2. Cross-rank race between dispatch and combine. Even with the correct
   matrices, launching combine immediately after dispatch deadlocked the
   forwarder NVL check (tail stuck one short of expected_head) because
   peers still had in-flight dispatch proxy traffic while fast ranks had
   already started combine. A torch.cuda.synchronize() + dist.barrier()
   between the two calls makes the test pass deterministically on 16
   ranks (combine diff == 0, max|expected| up to 60.0).

The barrier in the test is a workaround; the real fix belongs in
Buffer::internode_dispatch / Buffer::internode_combine so the
dispatch->combine handoff fully fences outstanding proxy work across
ranks. Marked with an XXX comment in the test.
---
 test/python/ext/ep/test_internode_multirank.py | 18 +++++++++++++++---
 1 file changed, 15 insertions(+), 3 deletions(-)

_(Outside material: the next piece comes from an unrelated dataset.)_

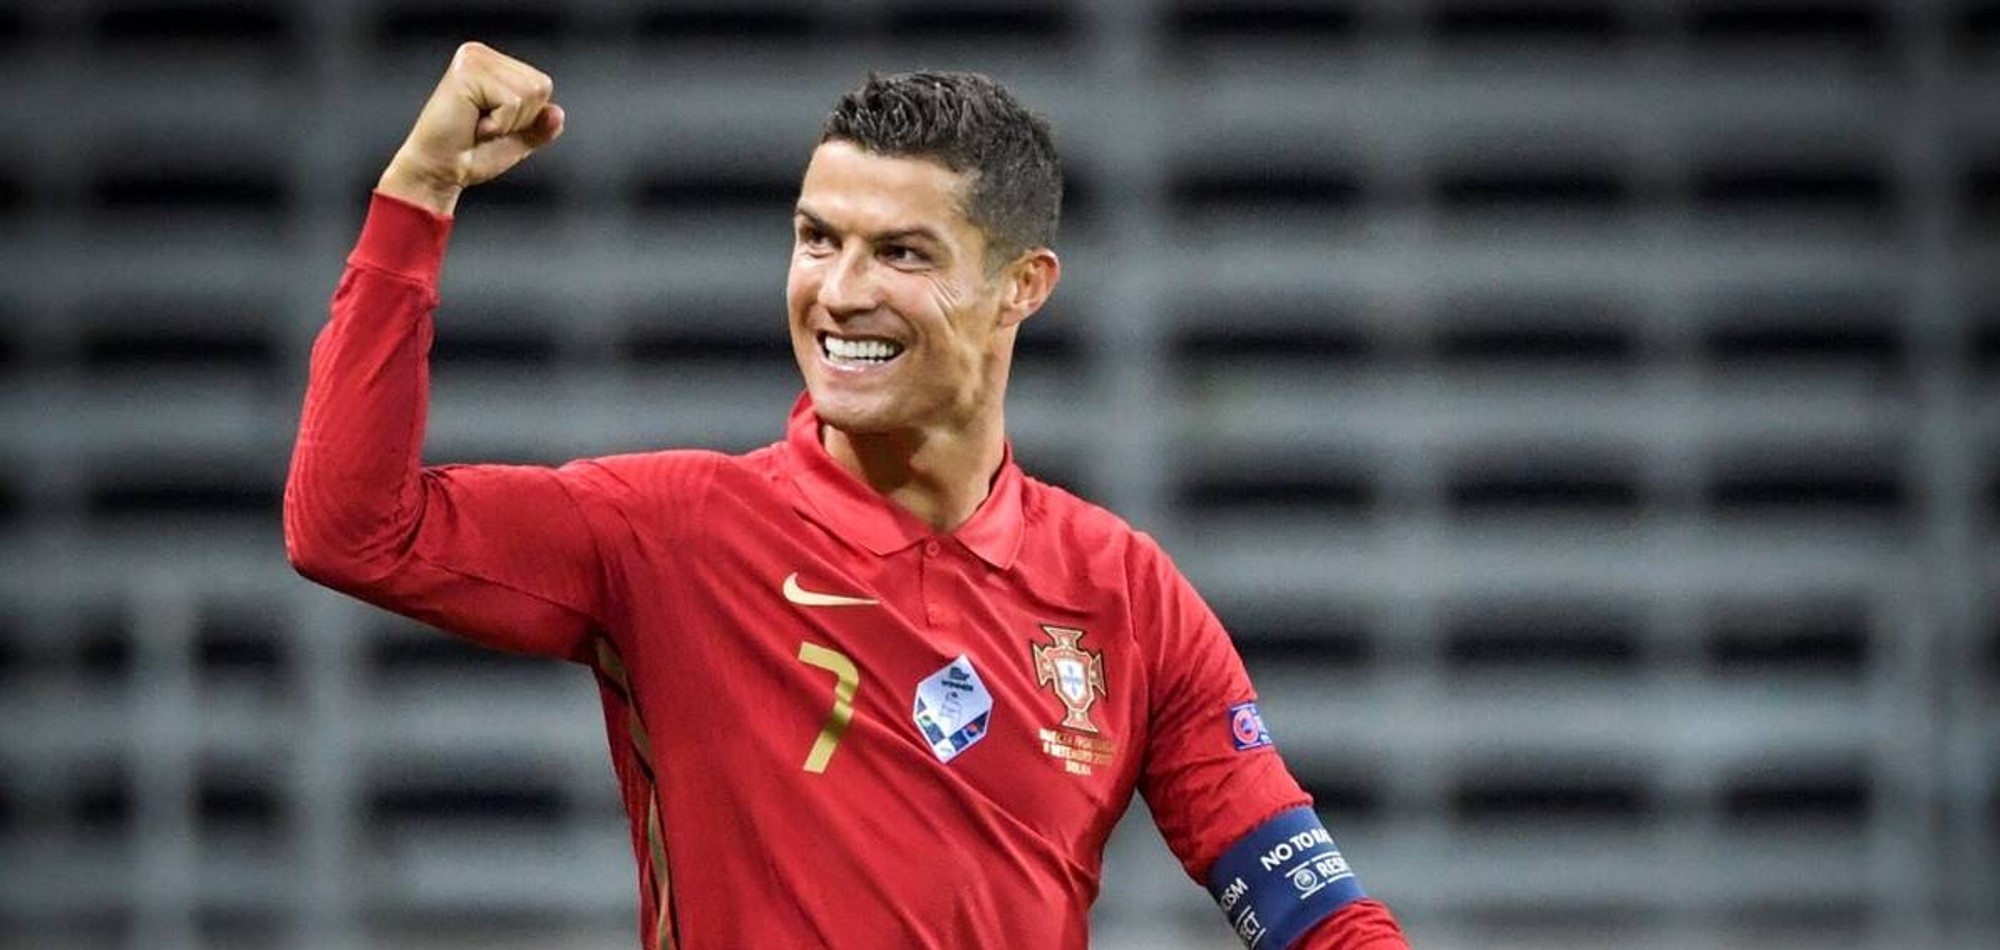 Cristiano Ronaldo named most powerful player on Instagram at 2022 World Cup

diff --git a/test/python/ext/ep/test_internode_multirank.py b/test/python/ext/ep/test_internode_multirank.py
index 9ac9639c..33971cf6 100644
--- a/test/python/ext/ep/test_internode_multirank.py
+++ b/test/python/ext/ep/test_internode_multirank.py
@@ -164,15 +164,28 @@ def main():
     if rank == 0:
         print(f"[dispatch] OK (recv {recv_x.size(0)} tokens)", flush=True)
 
+    # XXX: forcing a device+group sync here is currently required for combine
+    # to see consistent dispatch outputs. Without this both send_nvl_head and
+    # the various *_channel_prefix_matrix tensors can still be in flight on
+    # the comm stream when combine launches, producing a deadlock inside the
+    # combine forwarder (NVL check never advances). Investigate proper
+    # stream-dependency hand-off in Buffer::internode_dispatch.

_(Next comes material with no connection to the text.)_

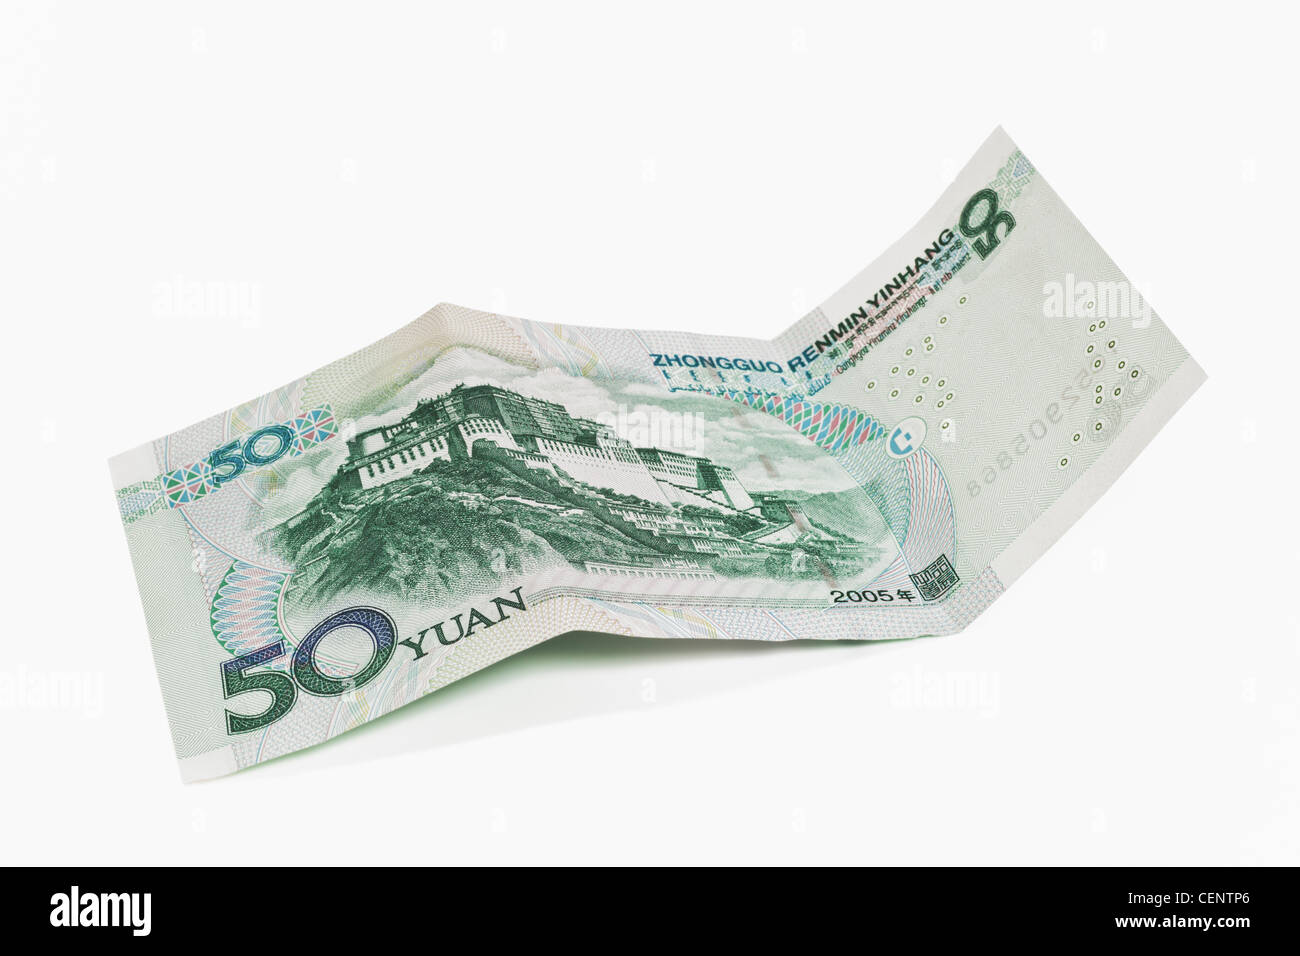 Back side of the 50 yuan bill. The renminbi, the Chinese currency, was introduced in 1949 after the founding of the PRC. Stock Photo

+    torch.cuda.synchronize()
+    dist.barrier(group=group)
+
     # internode_combine signature:
     # (x, topk_weights,
     #  src_meta, is_combined_token_in_rank,
     #  rdma_channel_prefix_matrix, rdma_rank_prefix_sum, gbl_channel_prefix_matrix,
     #  combined_rdma_head, combined_nvl_head, config, previous_event, async, allocate_on_comm_stream)
+    # NOTE: combine goes in the reverse direction of dispatch, so the prefix
+    # matrices passed here must be the RECEIVER-side ones returned by dispatch
+    # (`recv_rdma_channel_prefix_matrix`, `recv_rdma_rank_prefix_sum`,
+    # `recv_gbl_channel_prefix_matrix`) — not the sender-side ones.
     combined_x, combined_topk_weights, _ = buf.runtime.internode_combine(
         recv_x, recv_topk_weights,
         recv_src_meta, is_token_in_rank,
-        rdma_channel_prefix_matrix, recv_rdma_rank_prefix_sum, gbl_channel_prefix_matrix,
+        recv_rdma_channel_prefix_matrix, recv_rdma_rank_prefix_sum, recv_gbl_channel_prefix_matrix,
         send_rdma_head, send_nvl_head,
         cfg, None, False, False,
     )
@@ -182,8 +195,7 @@ def main():
     got = combined_x.float().mean(dim=1)
     diff = (got - expected).abs().max().item()
     max_exp = expected.abs().max().item()
-    if rank == 0:
-        print(f"[combine] max|got-expected|={diff:.4e} max|expected|={max_exp:.4e}", flush=True)
+    print(f"[combine r{rank}] max|got-expected|={diff:.4e} max|expected|={max_exp:.4e}", flush=True)
     assert diff < 1e-2, f"rank{rank}: combine mismatch max diff {diff}"
 
     dist.barrier(group=group)